### [WHAT THE TASK REQUIRES]
Repeat the data exactly as given below, dropping every picture.

### [DATA SEGMENT]
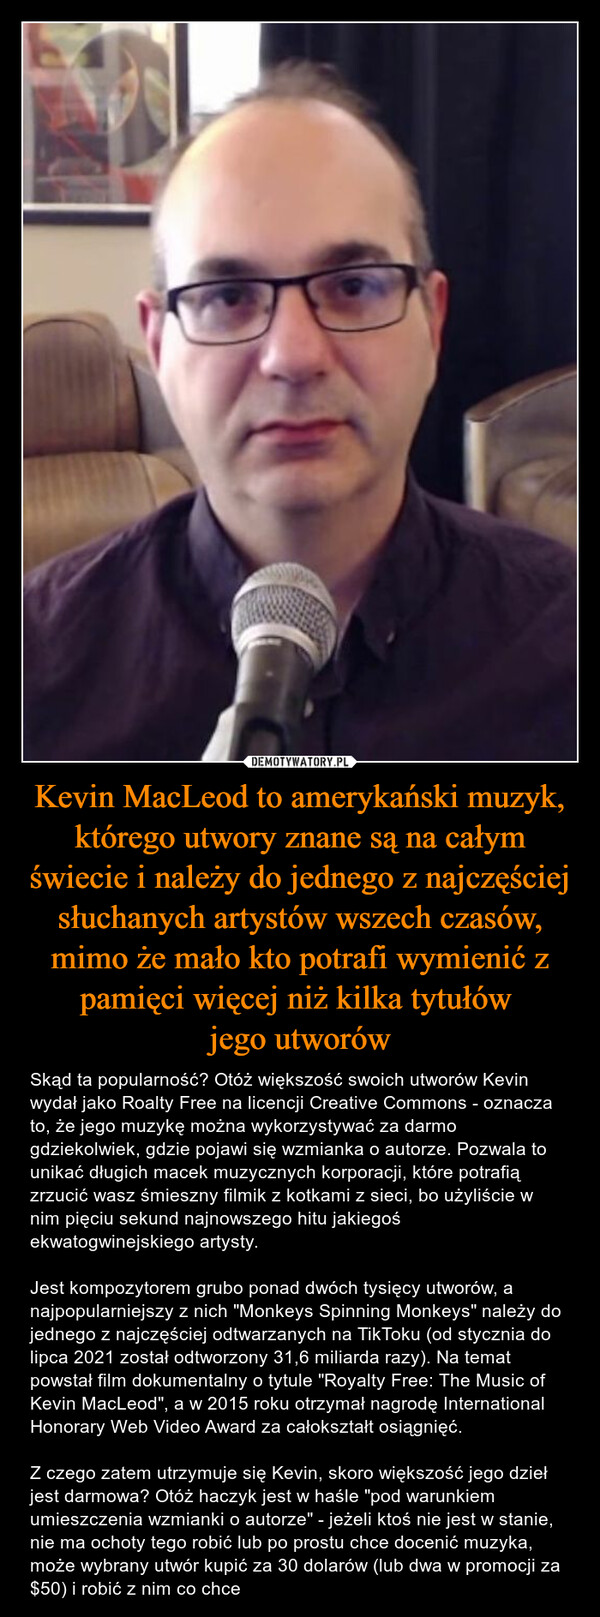 Kevin MacLeod to amerykański muzyk, którego utwory znane są na całym świecie i należy do jednego z najczęściej słuchanych artystów wszech czasów, mimo że mało kto potrafi wymienić z pamięci więcej niż kilka tytułów 
jego utworów
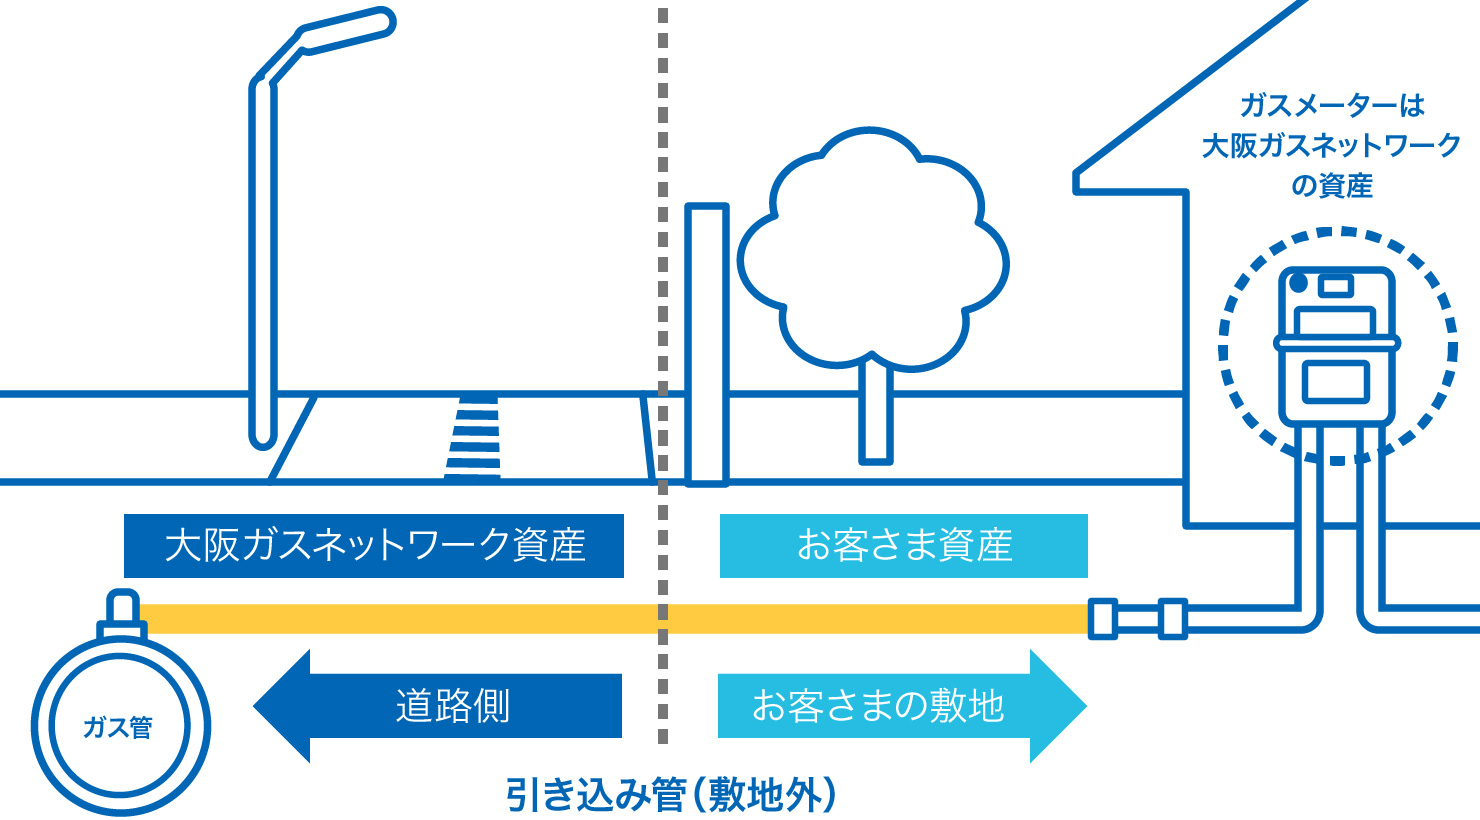 ガス設備には、お客さま資産となるものと大阪ガス資産となるものがあります。

### [WRITTEN SOLUTION]
 Kevin MacLeod to amerykański muzyk, którego utwory znane są na całym świecie i należy do jednego z najczęściej słuchanych artystów wszech czasów, mimo że mało kto potrafi wymienić z pamięci więcej niż kilka tytułów 
jego utworów
 ガス設備には、お客さま資産となるものと大阪ガス資産となるものがあります。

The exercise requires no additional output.